Copy out all of the lines below exactly; the pictures do not belong in the copy.

━━━ DATA TO PROCESS

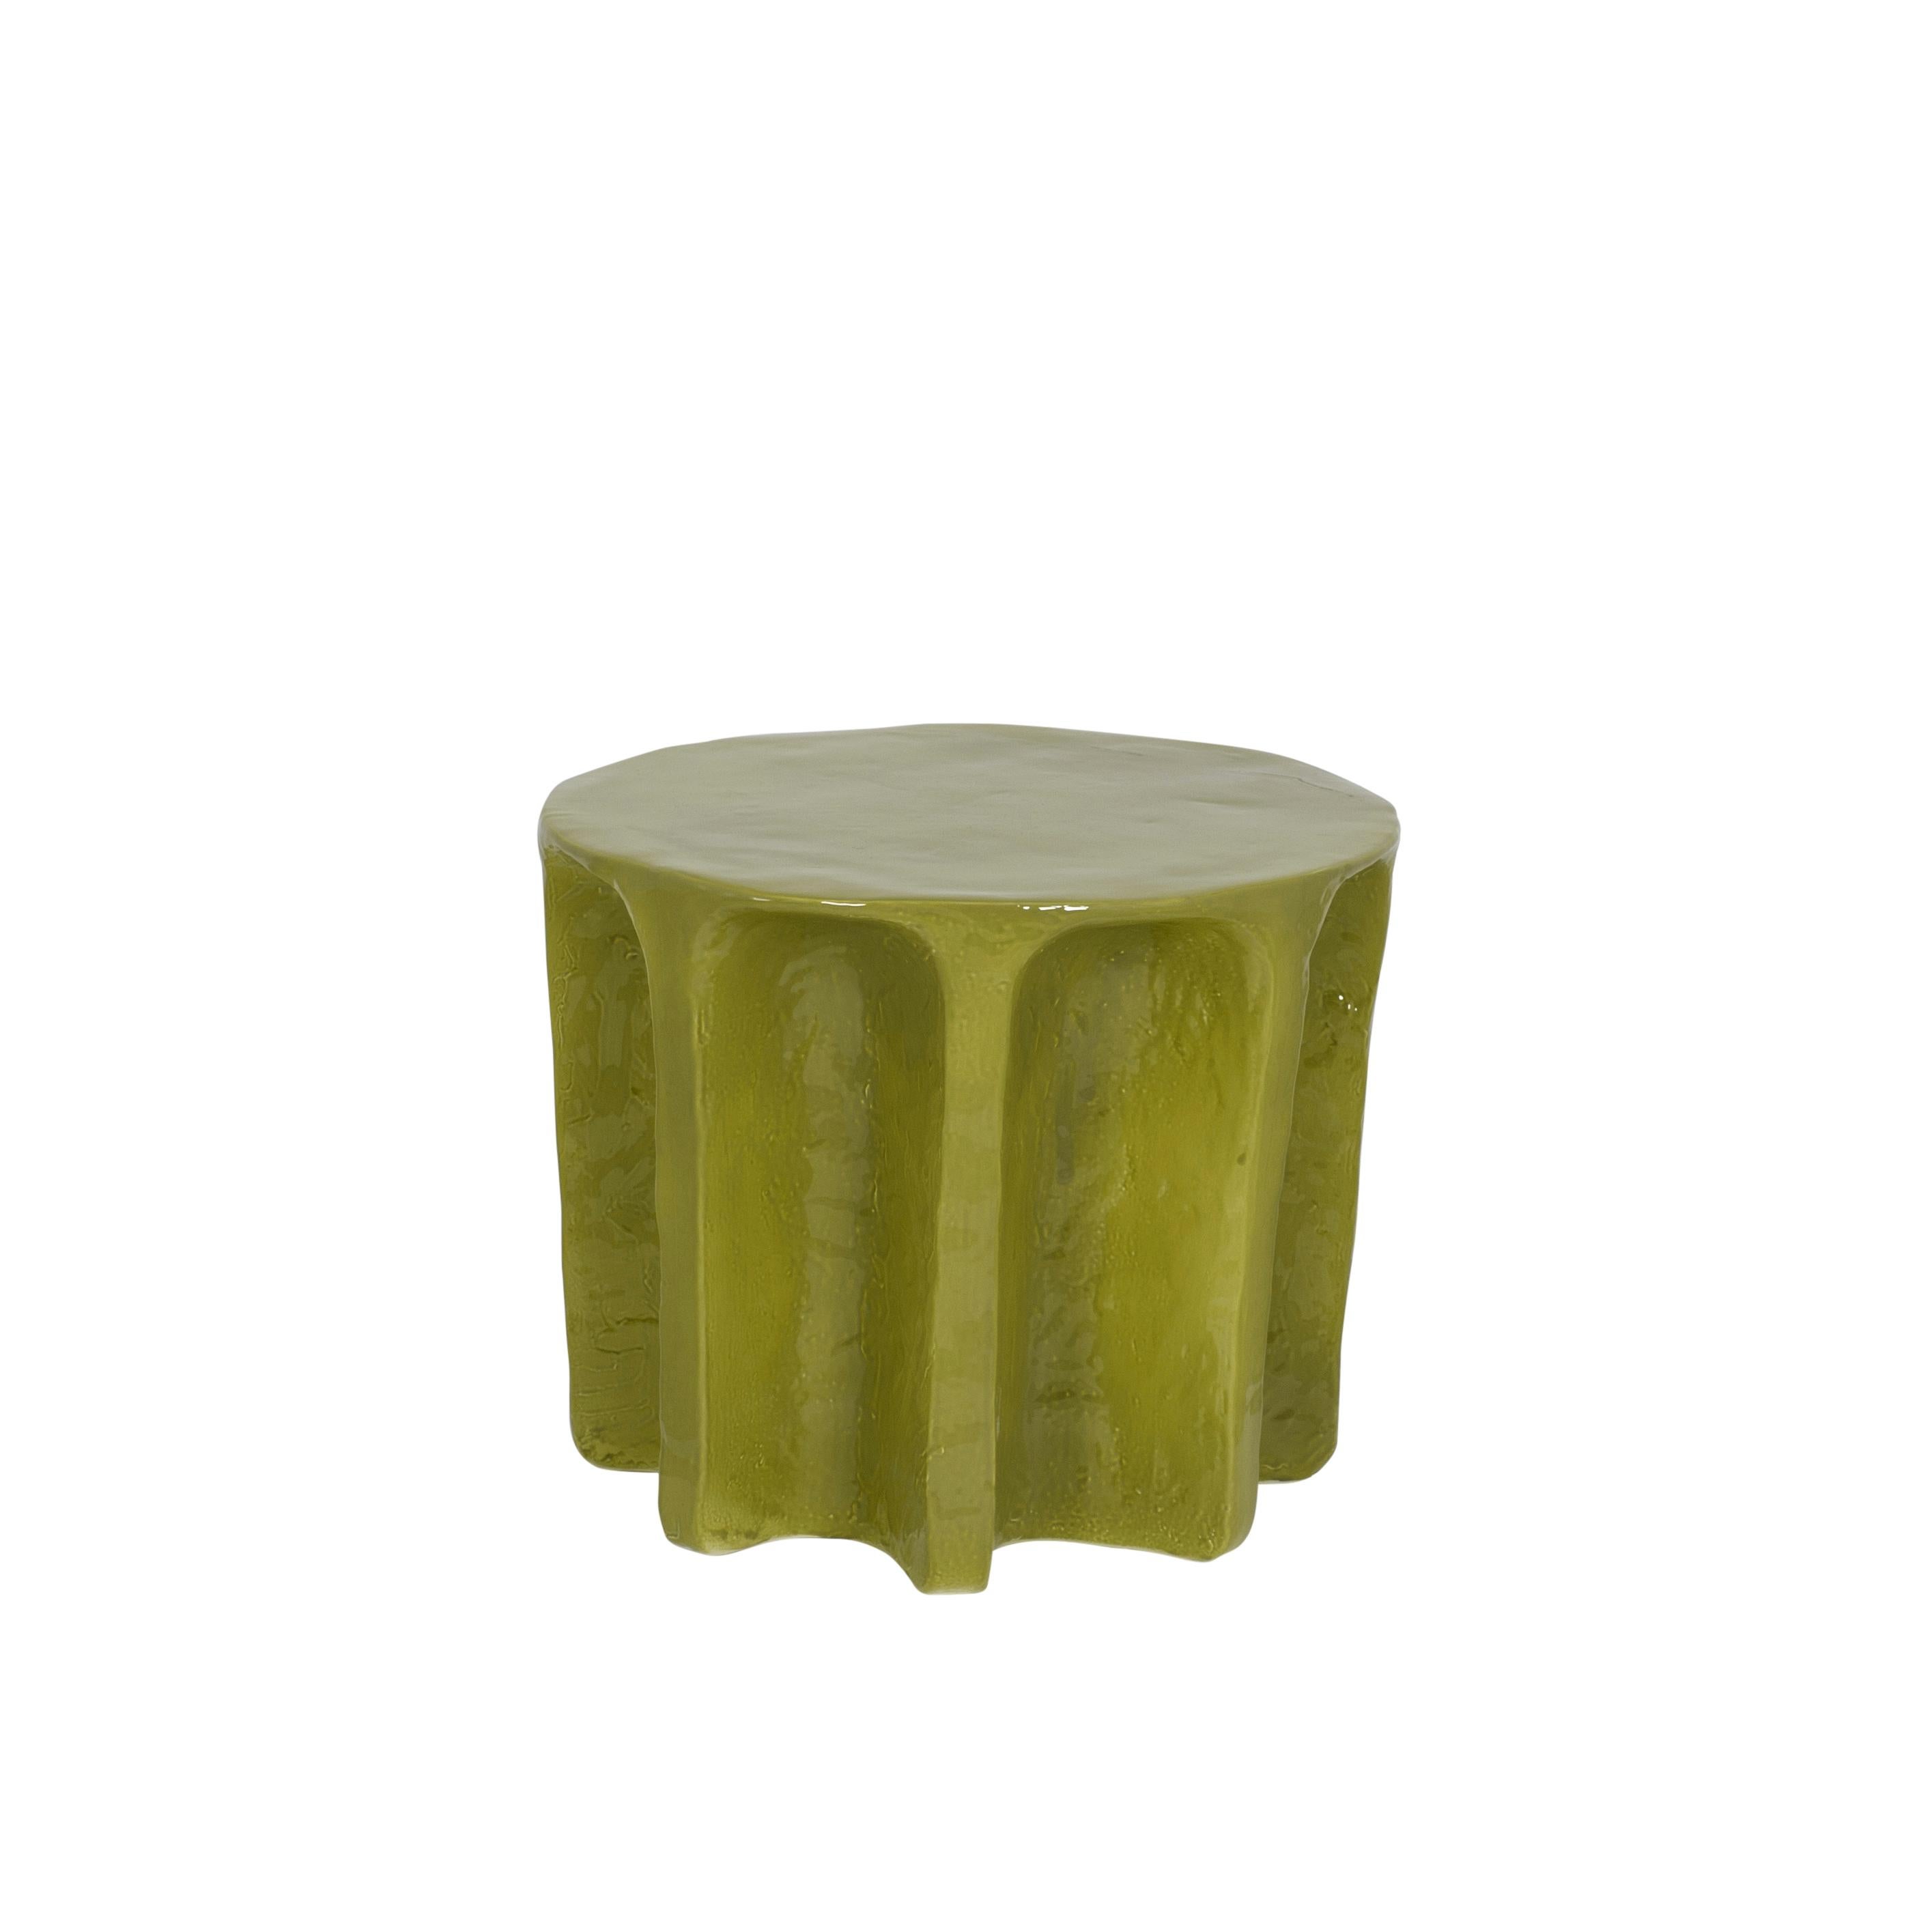 Chouchou round green coffee table by Pulpo
Dimensions: D55 x H45 cm
Materials: Ceramic.

Also available in different Colours.

Chouchou bears the contours of an antique column – which, knowing designer Lorenzo Zanovello’s, is most likely a

━━━━━━

■ **RESPONSE TO THIS EXERCISE**
 Chouchou round green coffee table by Pulpo
Dimensions: D55 x H45 cm
Materials: Ceramic.

Also available in different Colours.

Chouchou bears the contours of an antique column – which, knowing designer Lorenzo Zanovello’s, is most likely a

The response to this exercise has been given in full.